Anderson Charles W, Young Peter Michael, Buehner Michael R, Knight James N, Bush Keith A, Hittle Douglas C
Department of Computer Science, Colorado State University, Fort Collins, CO 80523-1873, USA.
IEEE Trans Neural Netw. 2007 Jul;18(4):993-1002. doi: 10.1109/TNN.2007.899520.
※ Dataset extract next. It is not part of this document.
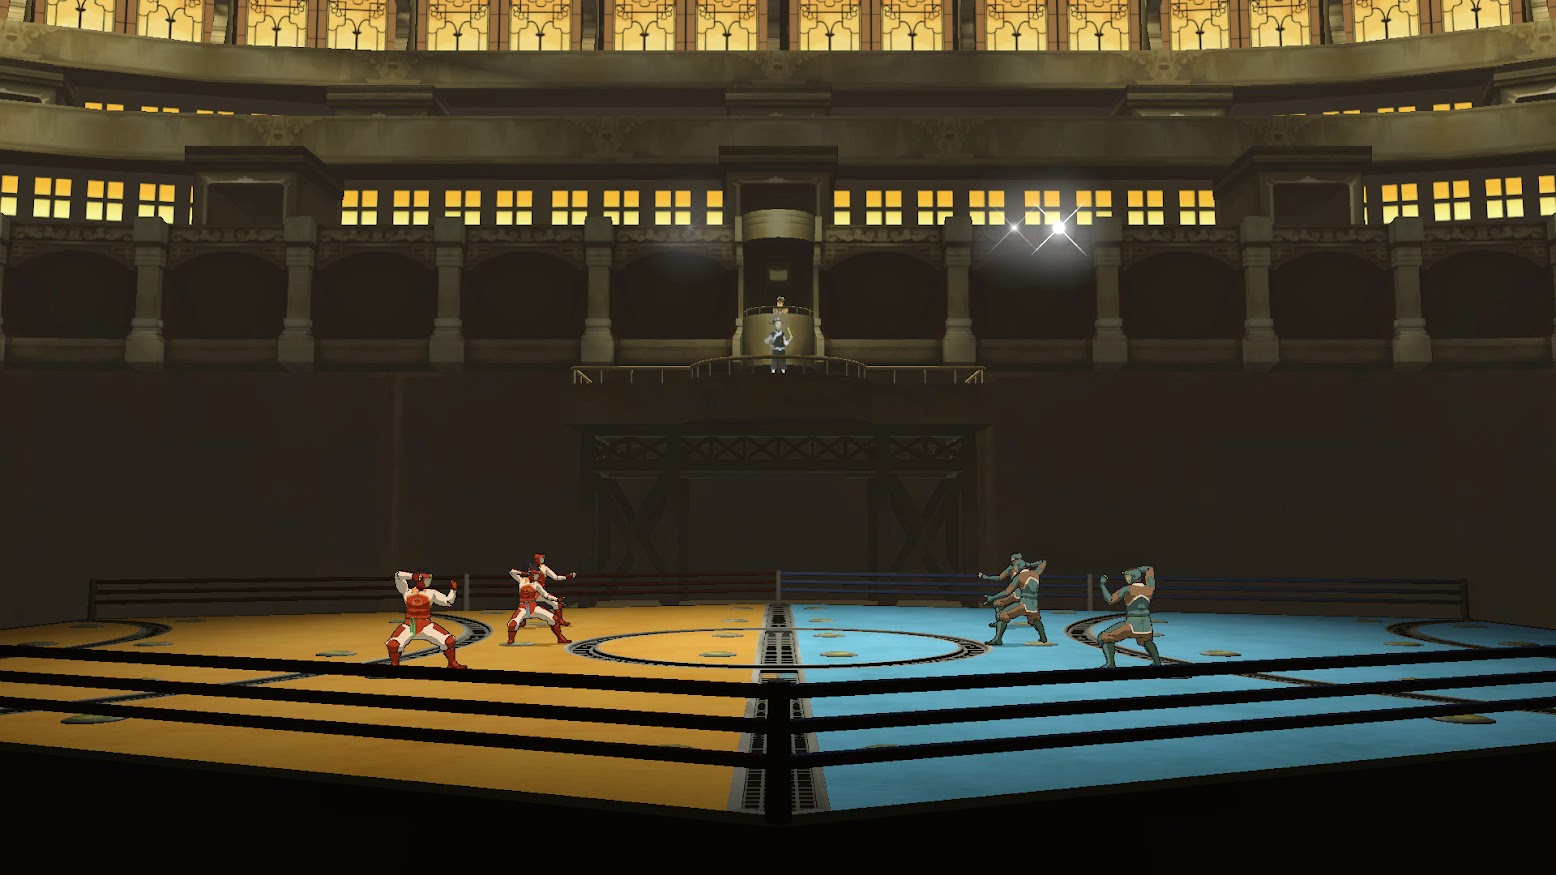 Hình ảnh trong game The Legend of Korra (screenshot)

The applicability of machine learning techniques for feedback control systems is limited by a lack of stability guarantees. Robust control theory offers a framework for analyzing the stability of feedback control loops, but for the integral quadratic constraint (IQC) framework used here, all components are required to be represented as linear, time-invariant systems plus uncertainties with, for IQCs used here, bounded gain. In this paper, the stability of a control loop including a recurrent neural network (NN) is analyzed by replacing the nonlinear and time-varying components of the NN with IQCs on their gain. As a result, a range of the NN's weights is found within which stability is guaranteed. An algorithm is demonstrated for training the recurrent NN using reinforcement learning and guaranteeing stability while learning.
机器学习技术在反馈控制系统中的适用性因缺乏稳定性保证而受到限制。鲁棒控制理论提供了一个分析反馈控制回路稳定性的框架,但对于此处使用的积分二次约束(IQC)框架,所有组件都必须表示为线性、时不变系统加上不确定性,对于此处使用的IQC,增益是有界的。在本文中,通过用IQC对其增益进行替换来分析包含递归神经网络(NN)的控制回路的稳定性。结果,找到了一系列能保证稳定性的NN权重范围。展示了一种使用强化学习训练递归NN并在学习过程中保证稳定性的算法。